This advice is brought to you by me, a tweed-wearing expert from a grime-choked bar. My areas of expertise include stale peanuts, spilt beer, bow ties and tweed, among other things.
It may be just over five weeks away, but finals week is already rearing its ugly head, threatening those grades you have desperately been clinging to for the entire semester. It’s time to start preparing.
They say war is hell. Well, they haven’t been through finals. But luckily for you, this isn’t my first rodeo. So if you want to make it through, kid, listen up:
Sleep is for the weak. The only true masters of finals week make it through on nothing but spit and vinegar with a generous dose of coffee. To call finals week a success, you must be completely and utterly fried by the end of it. You’ll be a gibbering mess, and you’ll never be the same again, but you’ll make it through.
Invest in a camelbak. Coffee is the key to your success, but the people with their stainless steel travel mugs or to-go cups from Starbucks are doing it wrong.
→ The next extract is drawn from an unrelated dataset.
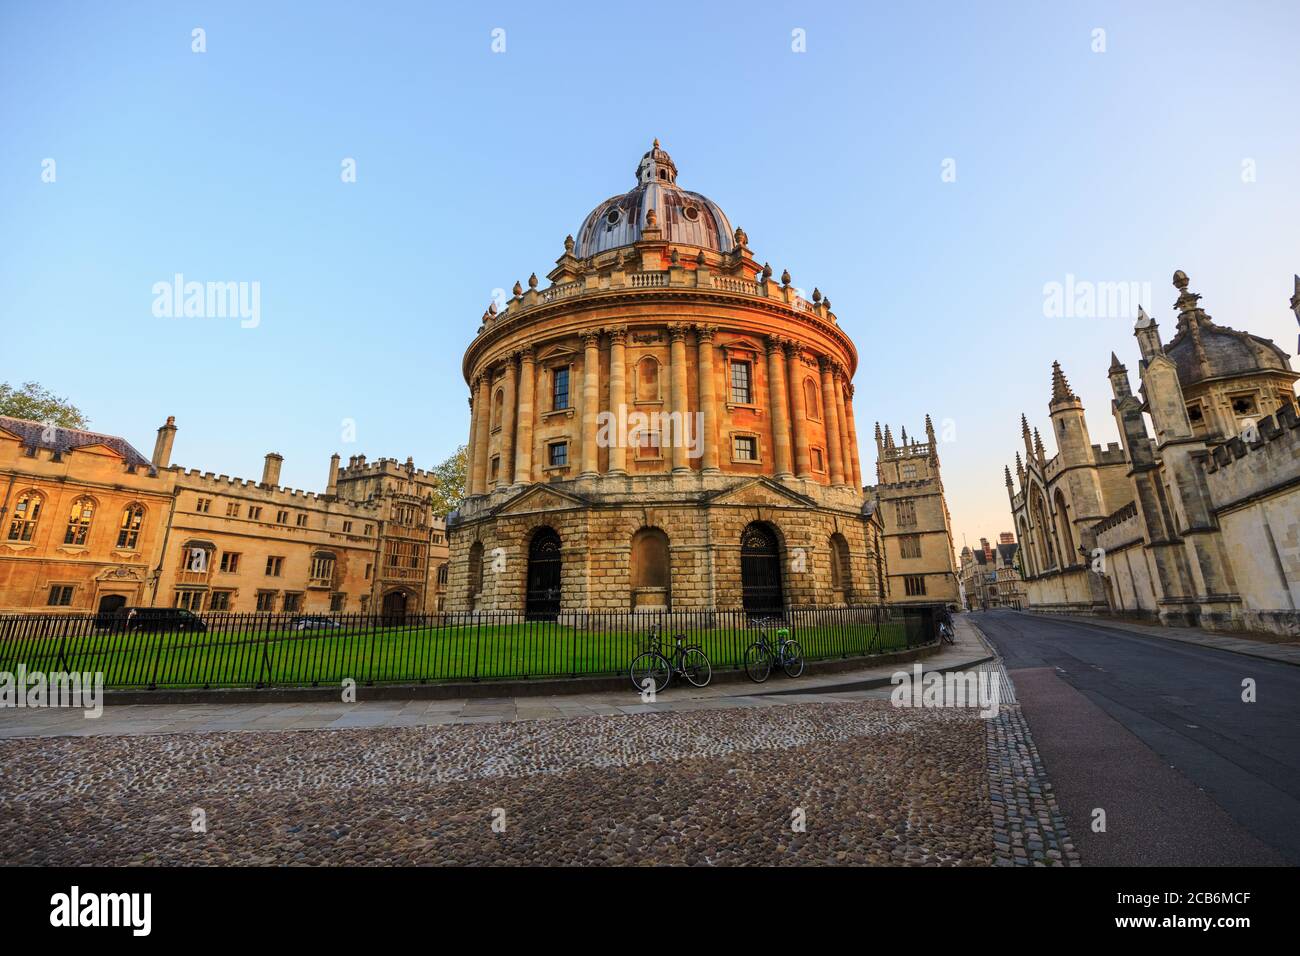 Die Radcliffe Kamera in Oxford bei Sonnenaufgang ohne Leute herum, früh am Morgen an einem klaren Tag mit blauem Himmel. Oxford, England, Großbritannien. Stockfoto

With your camelbak full of coffee, your hands will be free for any test taking activities, while your energy supply remains readily accessible. I would suggest cocaine, but coffee has higher public approval ratings and is easier to get a hold of.
Start smoking. After your third day with no sleep and enough coffee to keep you running, you will start to develop a tremor. This can be counteracted by smoking between exams. Learn to hold multiple cigarettes in your mouth at once; this will facilitate the smoking process. If you start now, you can build up to multiple packs per day by finals week.
Only study the night before the exam. Your brain is fragile and can’t hold information for very long. Don’t ask too much of it by studying far in advance; the information will only weigh you down. Remember: what you can’t put off until tomorrow, put off until next week.
Some people take a different approach than my tried and true method. “Prepare in advance,” they say. “The library is open all year, not just during finals week,” they say. “Get plenty of sleep.” “Eat a good breakfast.”
I’m here to say it’s all a load of bunk. If you want to be a namby-pamby about it, you could take their advice.
But if you want to attain the bad-assery levels of a grizzled veteran like me, your only option is to take my advice. It’s seen me through many an exam. It’ll do the same for you.
Barkeep!
I’ll have another glass of soymilk, please.